- COLLECTED DATA
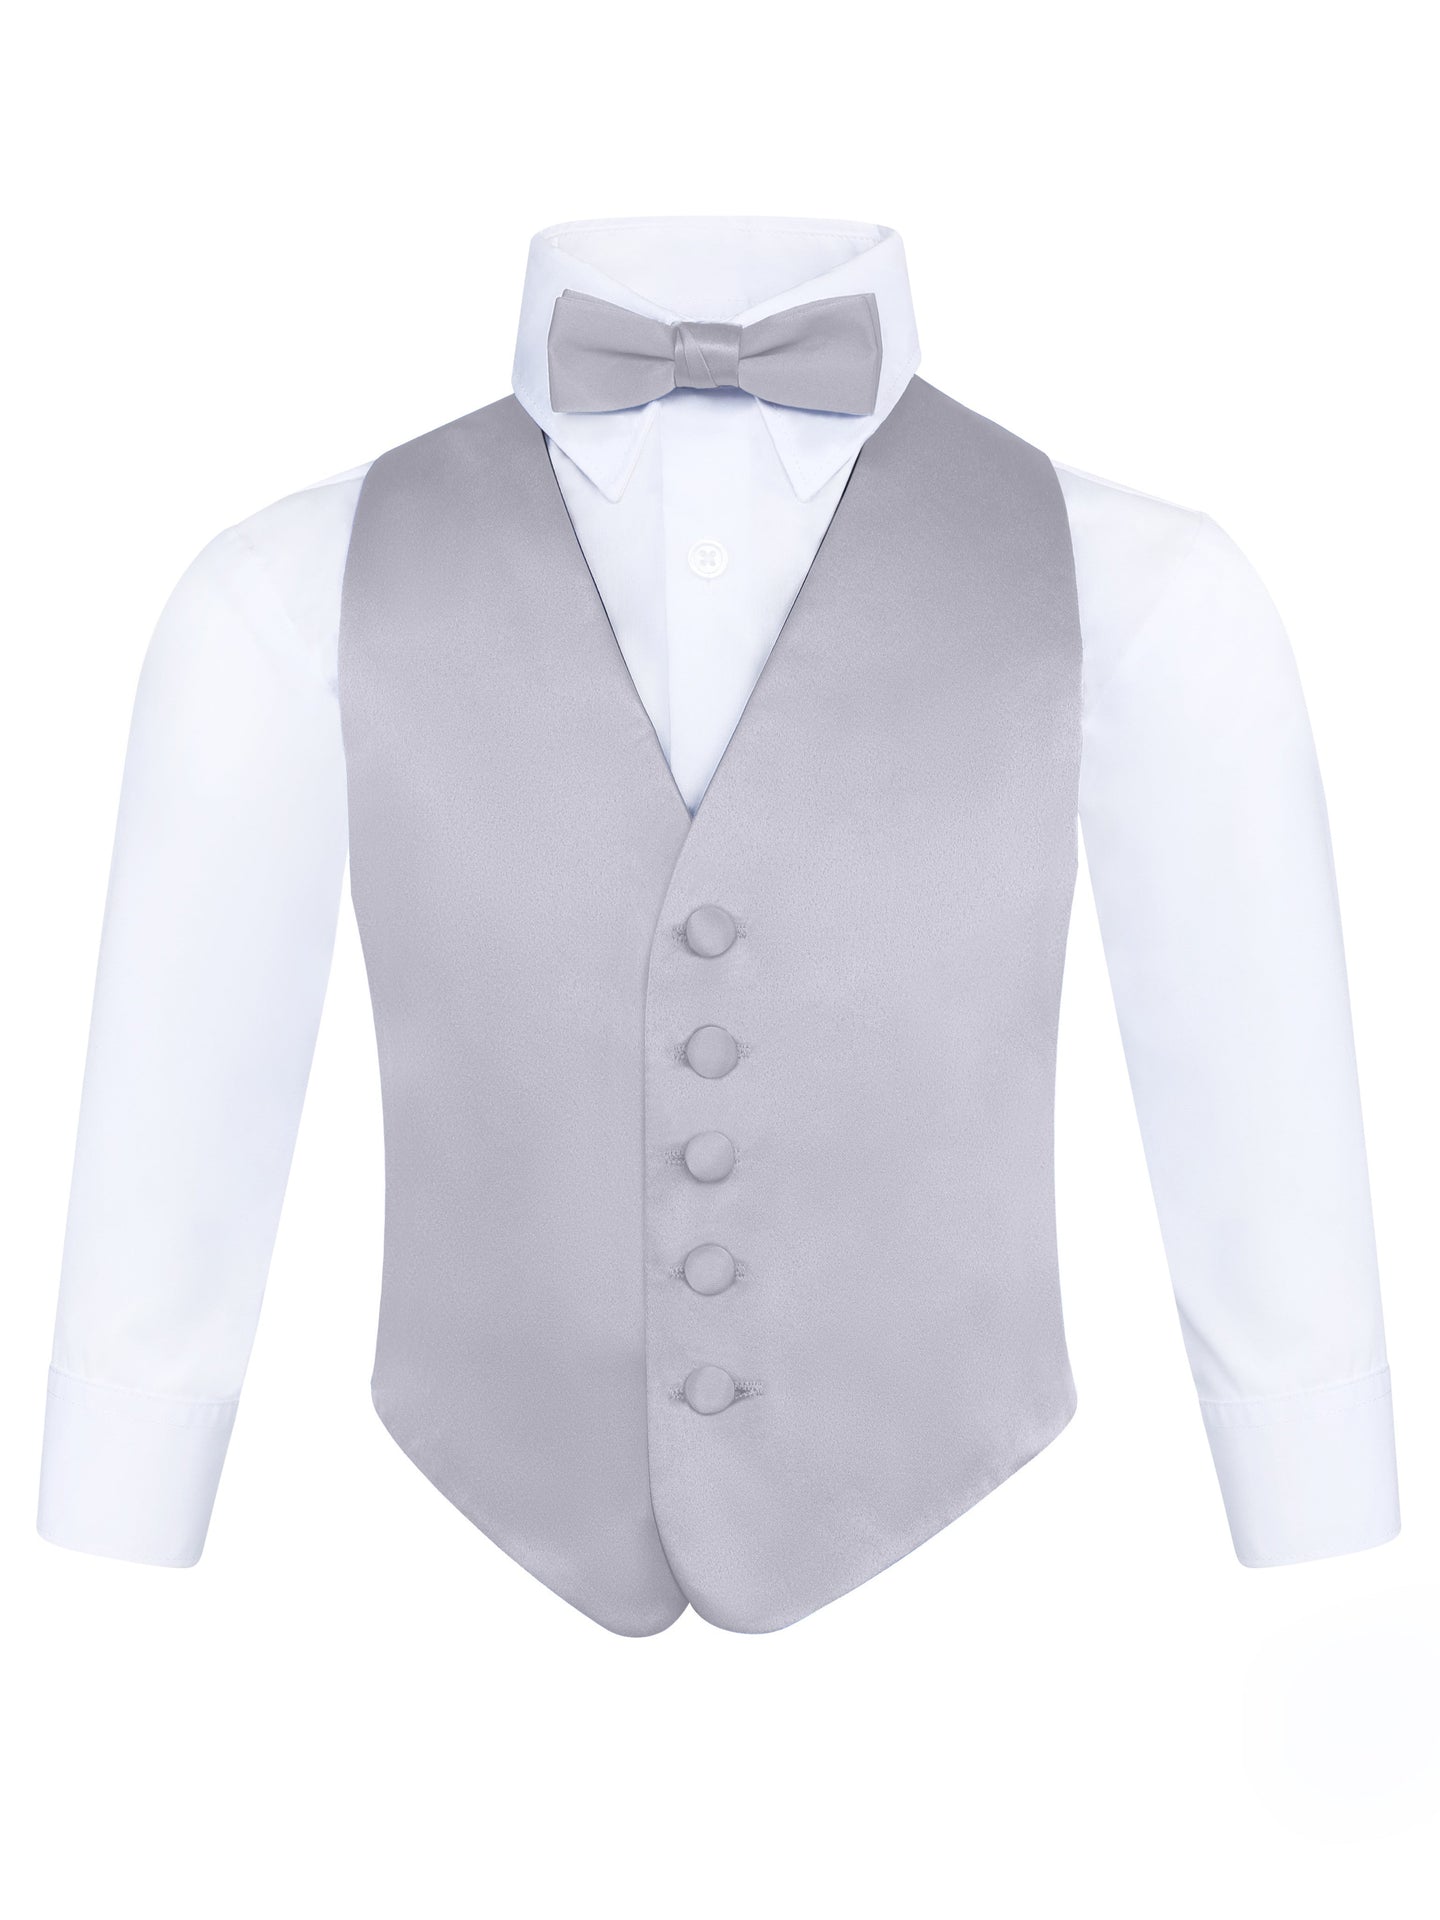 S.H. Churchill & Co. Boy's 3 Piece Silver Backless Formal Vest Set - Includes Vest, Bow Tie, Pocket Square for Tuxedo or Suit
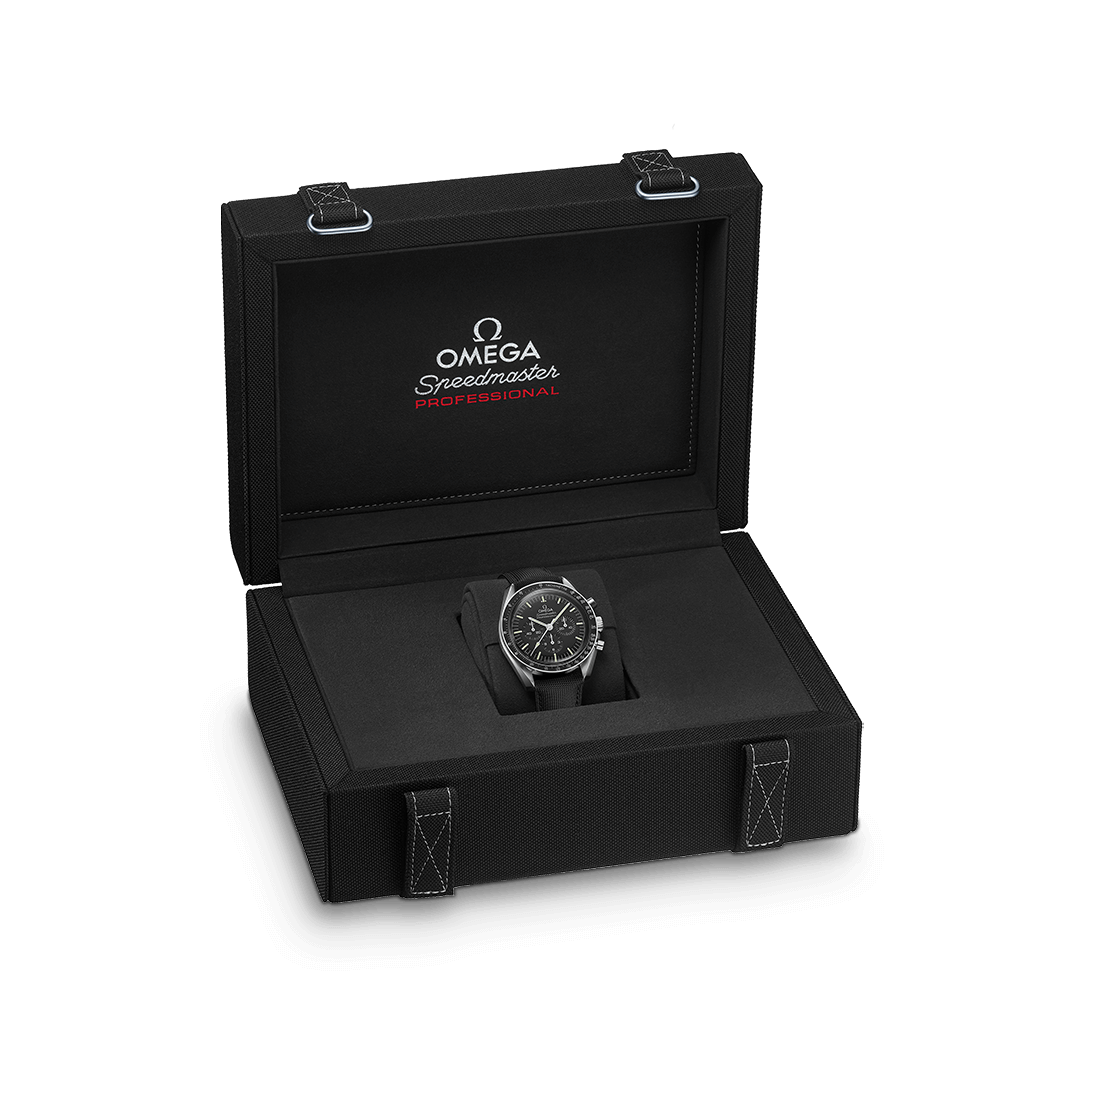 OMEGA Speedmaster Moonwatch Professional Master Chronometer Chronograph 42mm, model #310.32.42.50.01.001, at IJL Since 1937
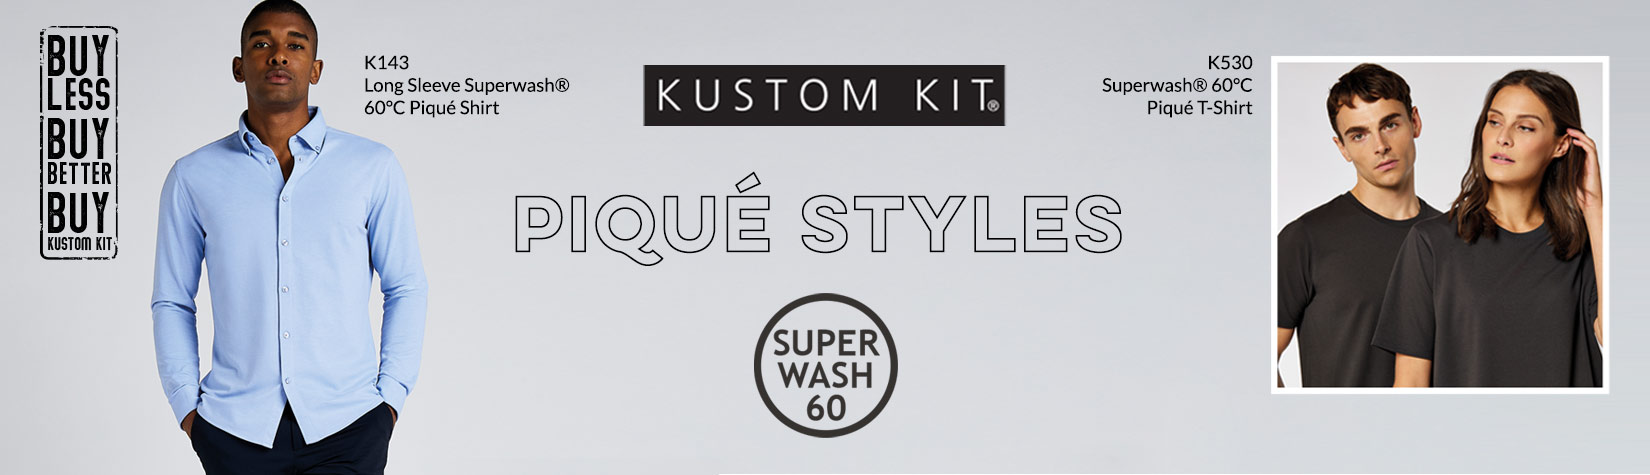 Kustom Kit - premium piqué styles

- ACTION ITEM
From the line containing "OMEGA Speedmaster Moonwatch" through the last line of the listing, inclusive, transcribe every line exactly and nothing else; the pictures stay out.

- RESULT OF THE TASK
 OMEGA Speedmaster Moonwatch Professional Master Chronometer Chronograph 42mm, model #310.32.42.50.01.001, at IJL Since 1937
 Kustom Kit - premium piqué styles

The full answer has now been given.